STUDY MATERIAL:
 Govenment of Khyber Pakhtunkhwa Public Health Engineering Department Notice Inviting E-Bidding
* * *
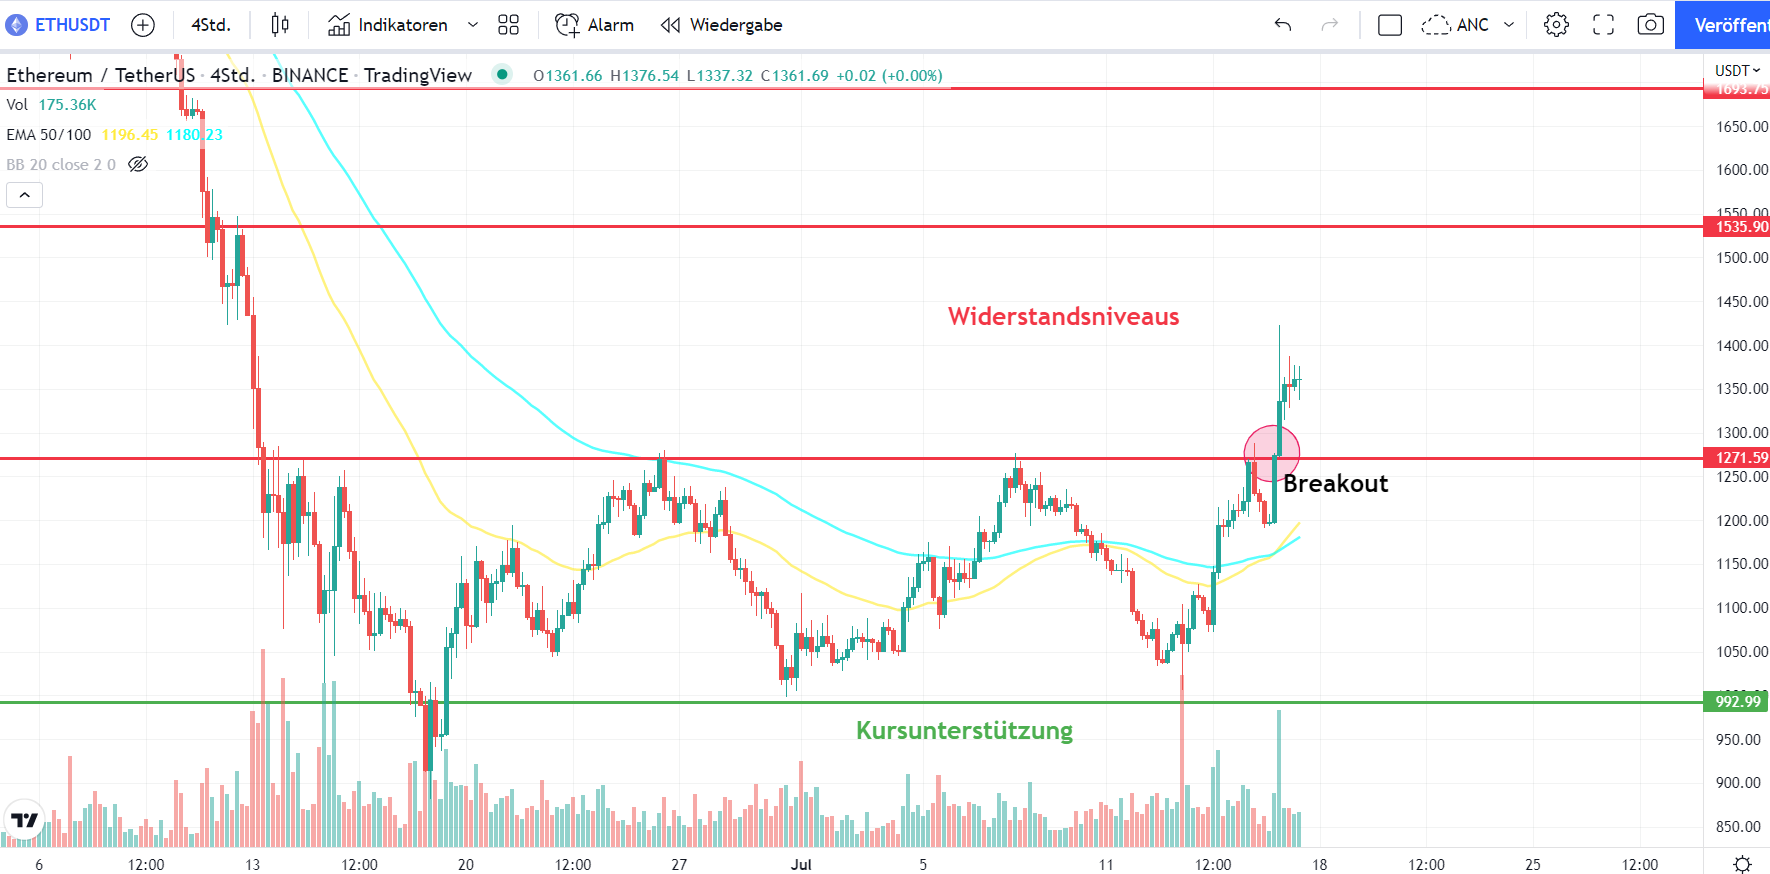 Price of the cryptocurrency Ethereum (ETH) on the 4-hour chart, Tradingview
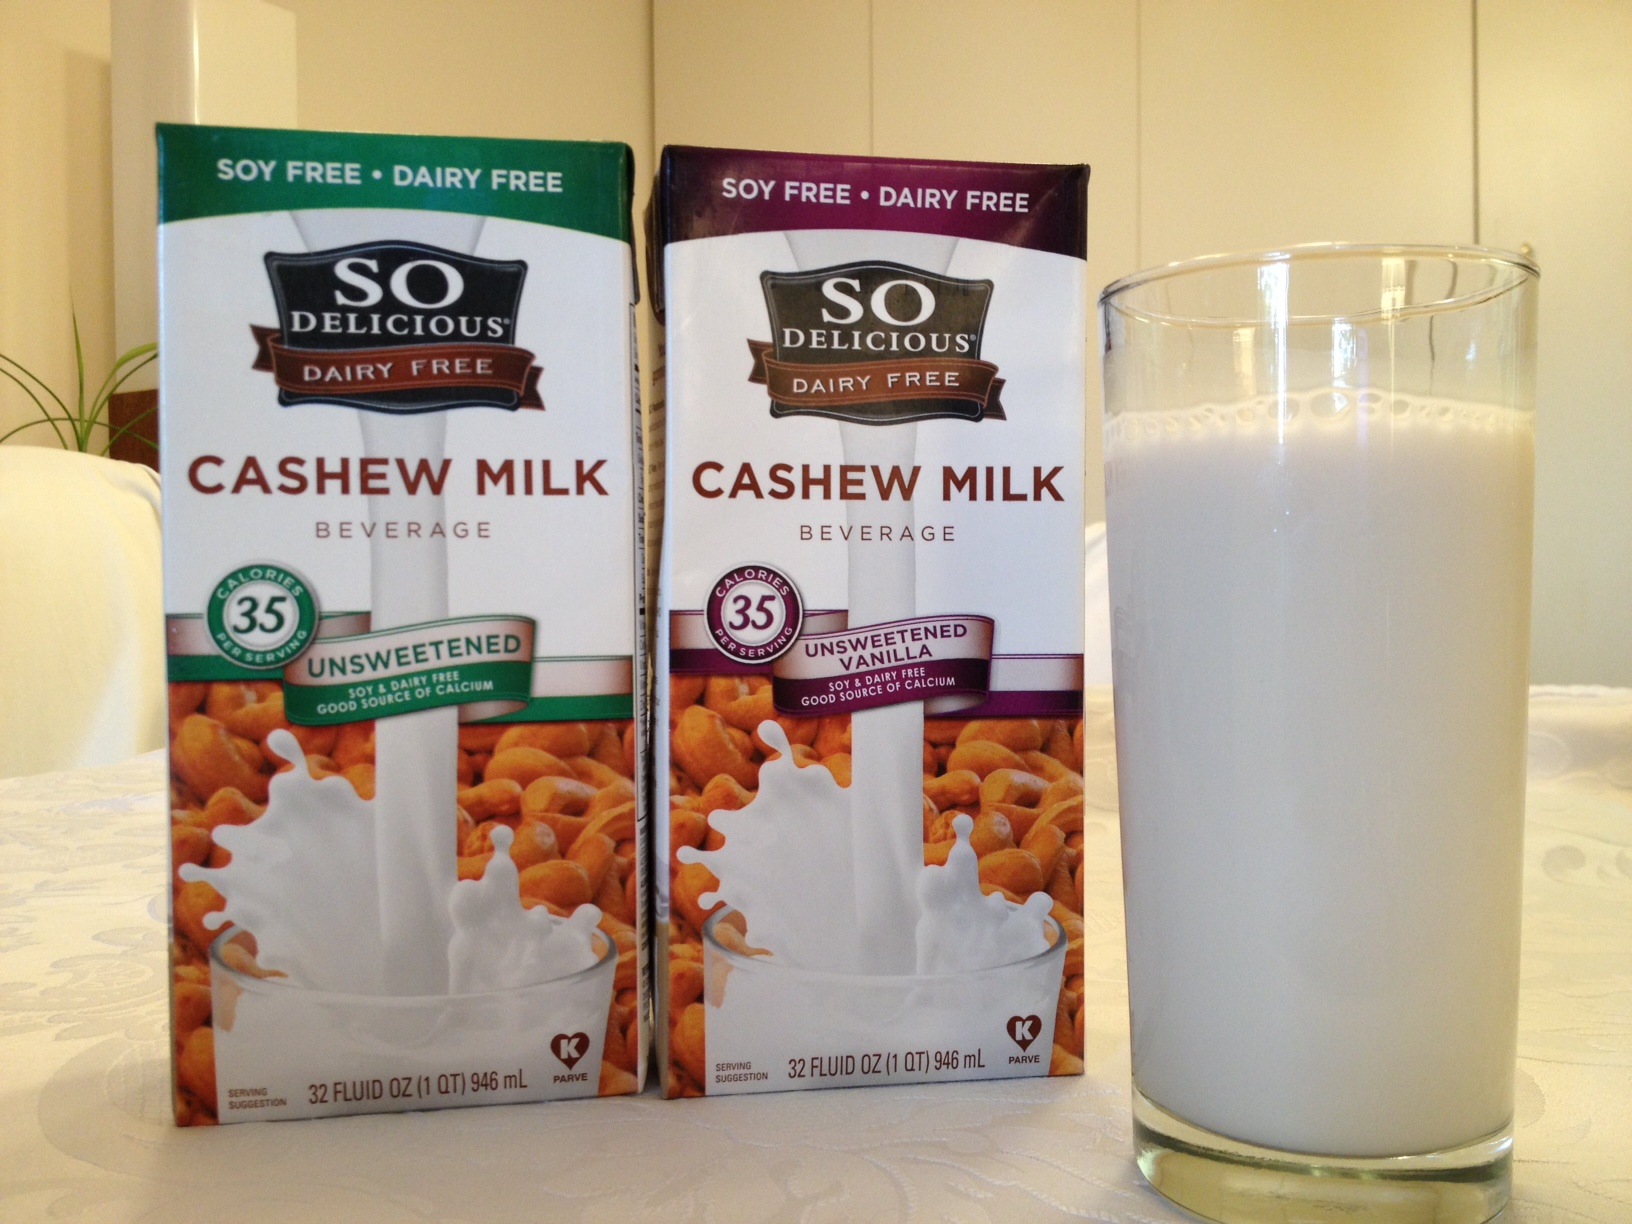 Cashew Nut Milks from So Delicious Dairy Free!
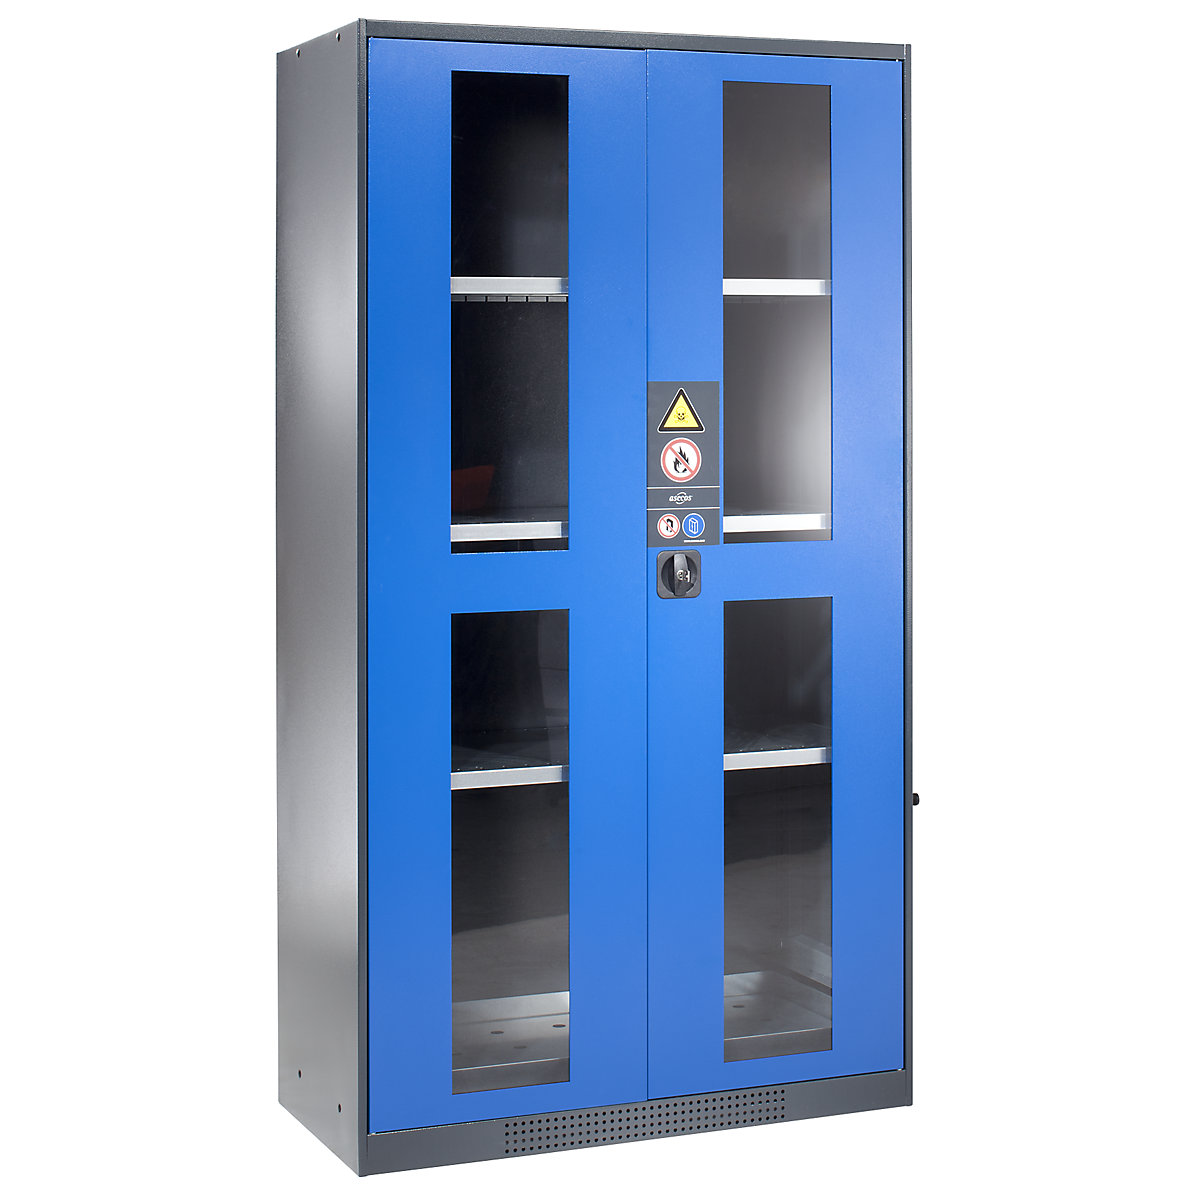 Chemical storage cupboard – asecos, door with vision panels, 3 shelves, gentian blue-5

WHAT IS NEEDED:
Within the entries above, give again exactly the lines starting at the one that contains "Price of the" and ending at the one that contains "Chemical storage cupboard", leaving out the pictures.

RESULT:
 Price of the cryptocurrency Ethereum (ETH) on the 4-hour chart, Tradingview
 Cashew Nut Milks from So Delicious Dairy Free!
 Chemical storage cupboard – asecos, door with vision panels, 3 shelves, gentian blue-5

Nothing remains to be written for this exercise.